While uploading large file size of 2.4 MB with 200 pages, getting this error

184 views Asked by At

RSolr::Error::Http - 400 Bad Request Error: 'Exception writing document id jd472w44j to the index; possible analysis error: Document contains at least one immense term in field="suggest" (whose UTF8 encoding is longer than the max length 32766), all of which were skipped. Please correct the analyzer to not produce such terms.
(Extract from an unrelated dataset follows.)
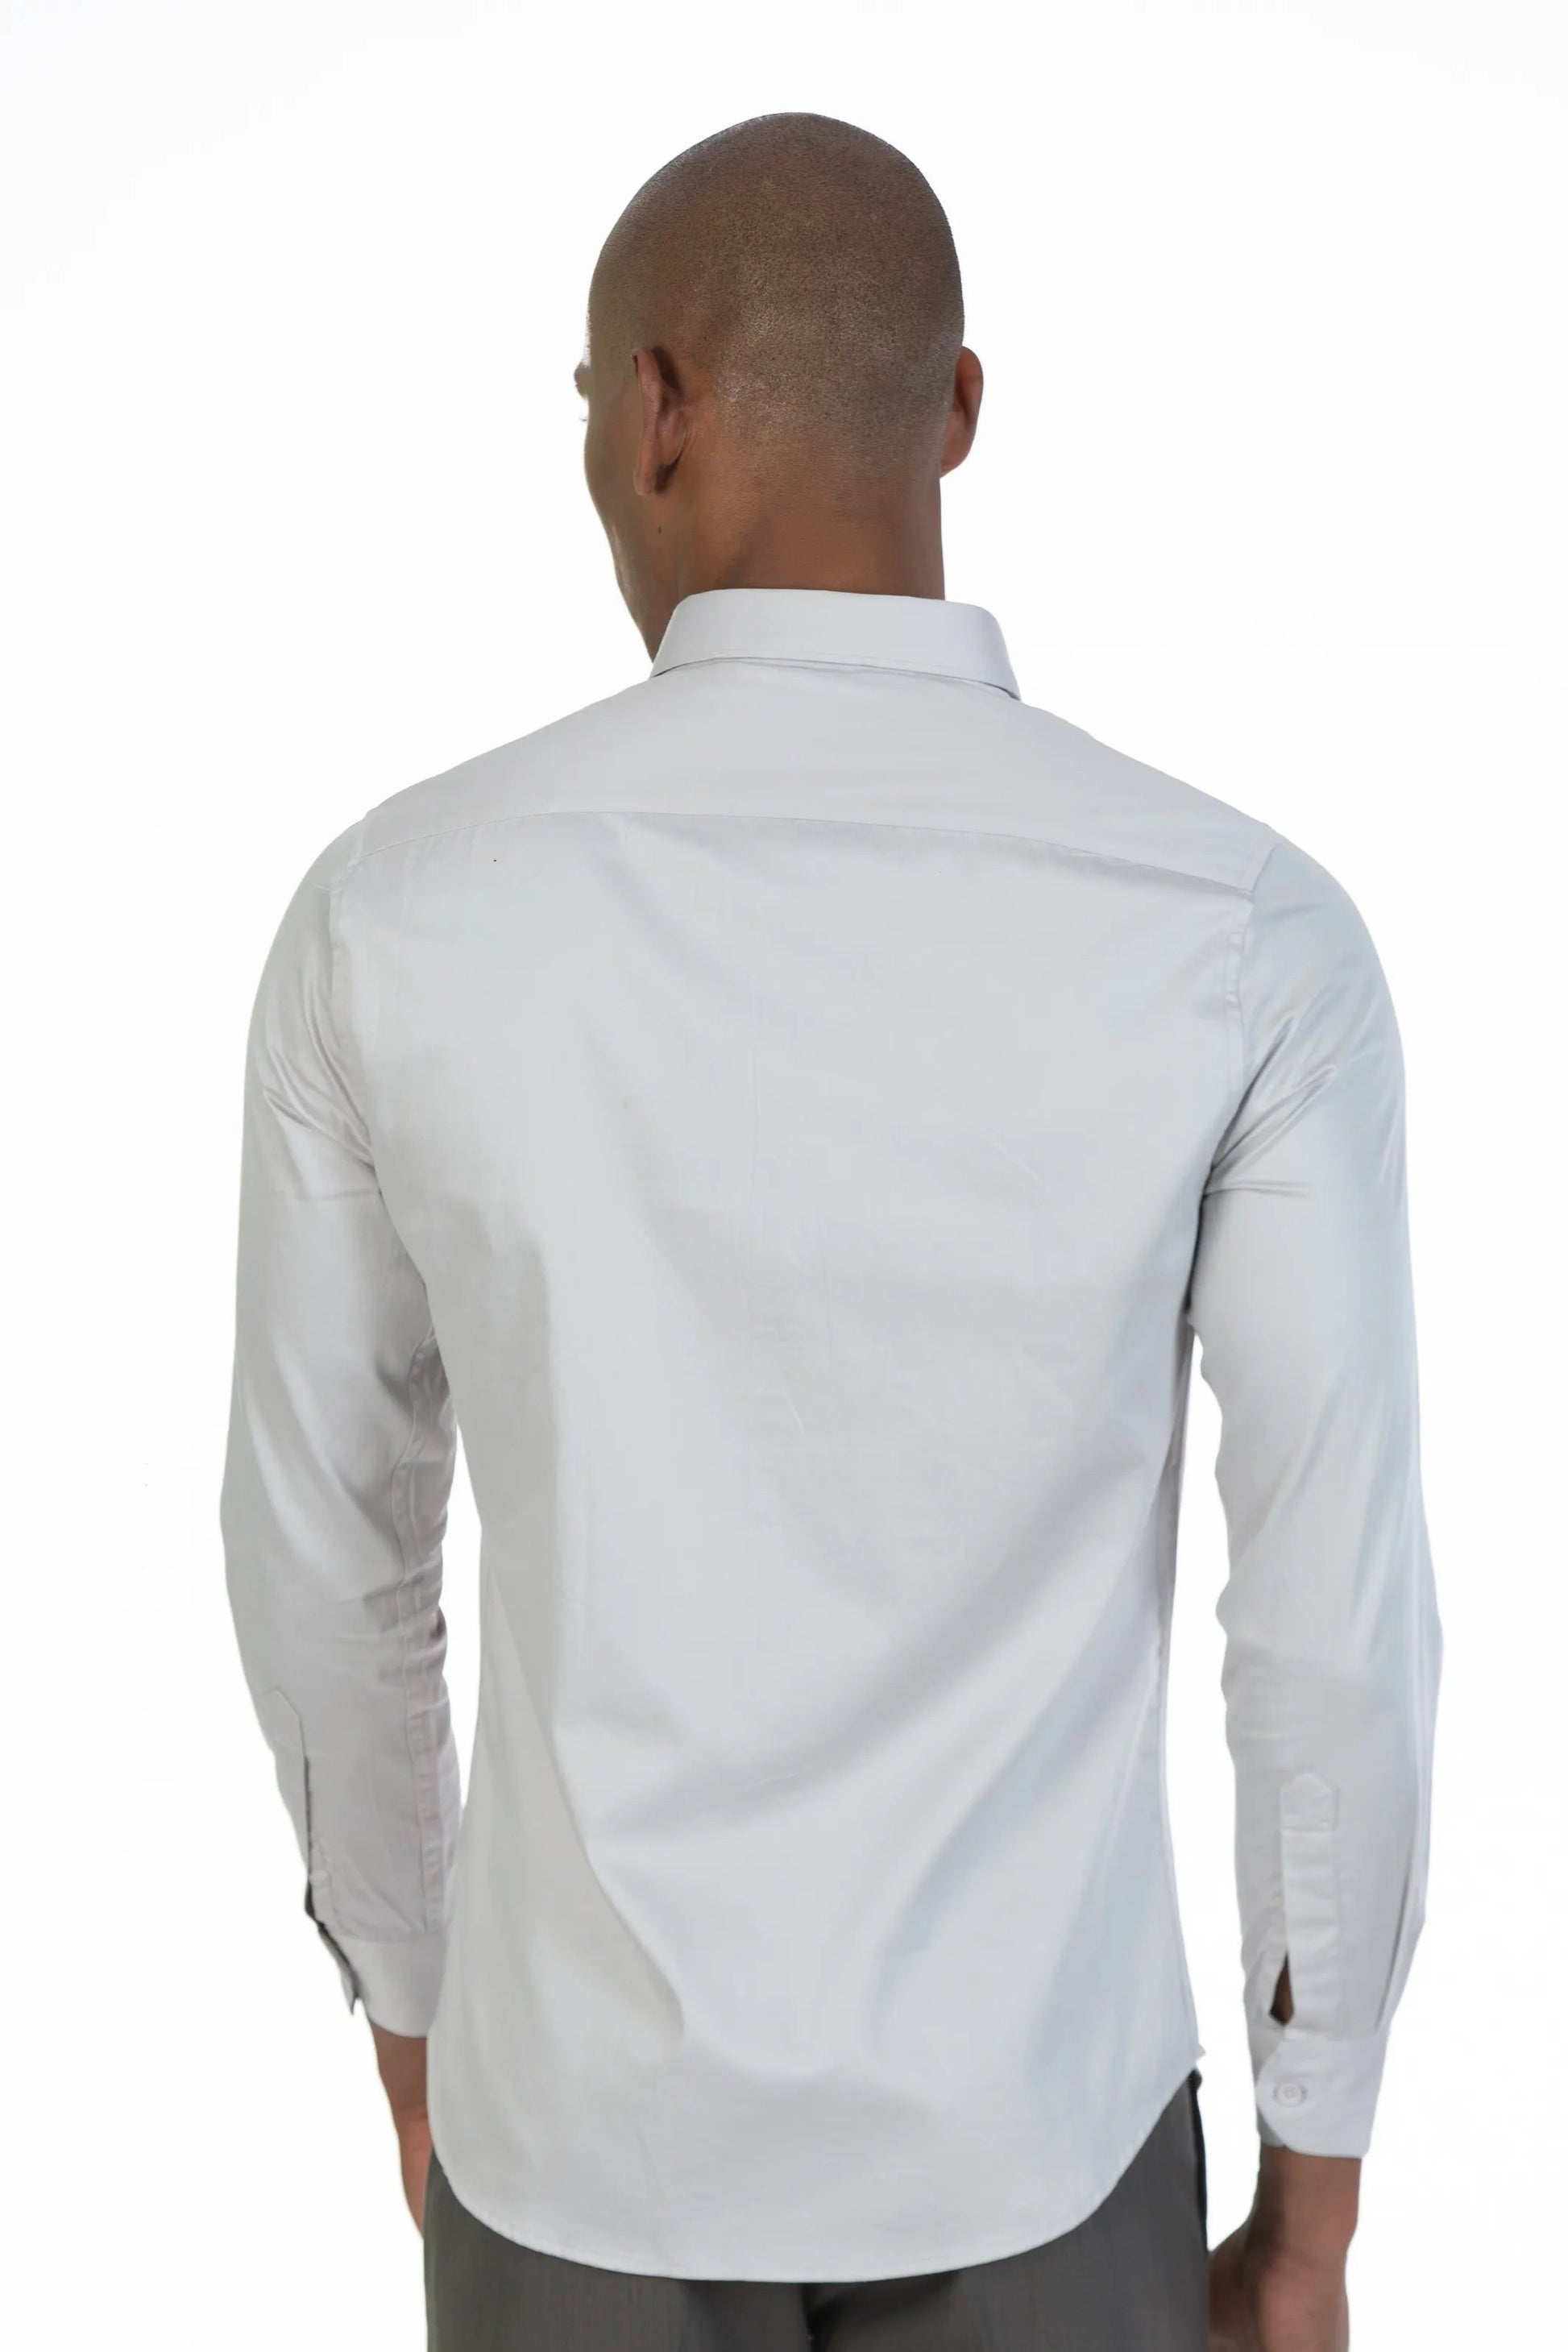 Buy Premium Satin Stretch Shirt Online.

The prefix of the first immense term is: \'[10, 114, 116, 105, -62, -80, 49, 52, 32, 9, 32, 49, 49, 48, 49, 49, 49, 49, 49, 102, 105, 108, 108, 105, 108, 105, 108, 108, 32, 49]...\', original message: bytes can be at most 32766 in length; got 36558. Perhaps the document has an indexed string field (solr.StrField) which is too large','code'=>400}}

2

There are 2 answers

0
Vinod On

Because your document has field value greater than lucene limit. check this

change field type in your schema file

3
Toke Eskildsen On

It says that one of your terms ("words") is larger than 32KB. Common reasons for this error is that you are adding the full text into a StrField or using a TextField with a tokenizer that does not split the words (e.g. KeywordTokenizer).

Check your schema to see which field(s) handle the bulk of your text. Ensure it is TextField and that is has a fitting tokenizer. ASCII 32 is space and it occurs in the term prefix that you pasted, so WhiteSpaceTokenizer is probably what you need.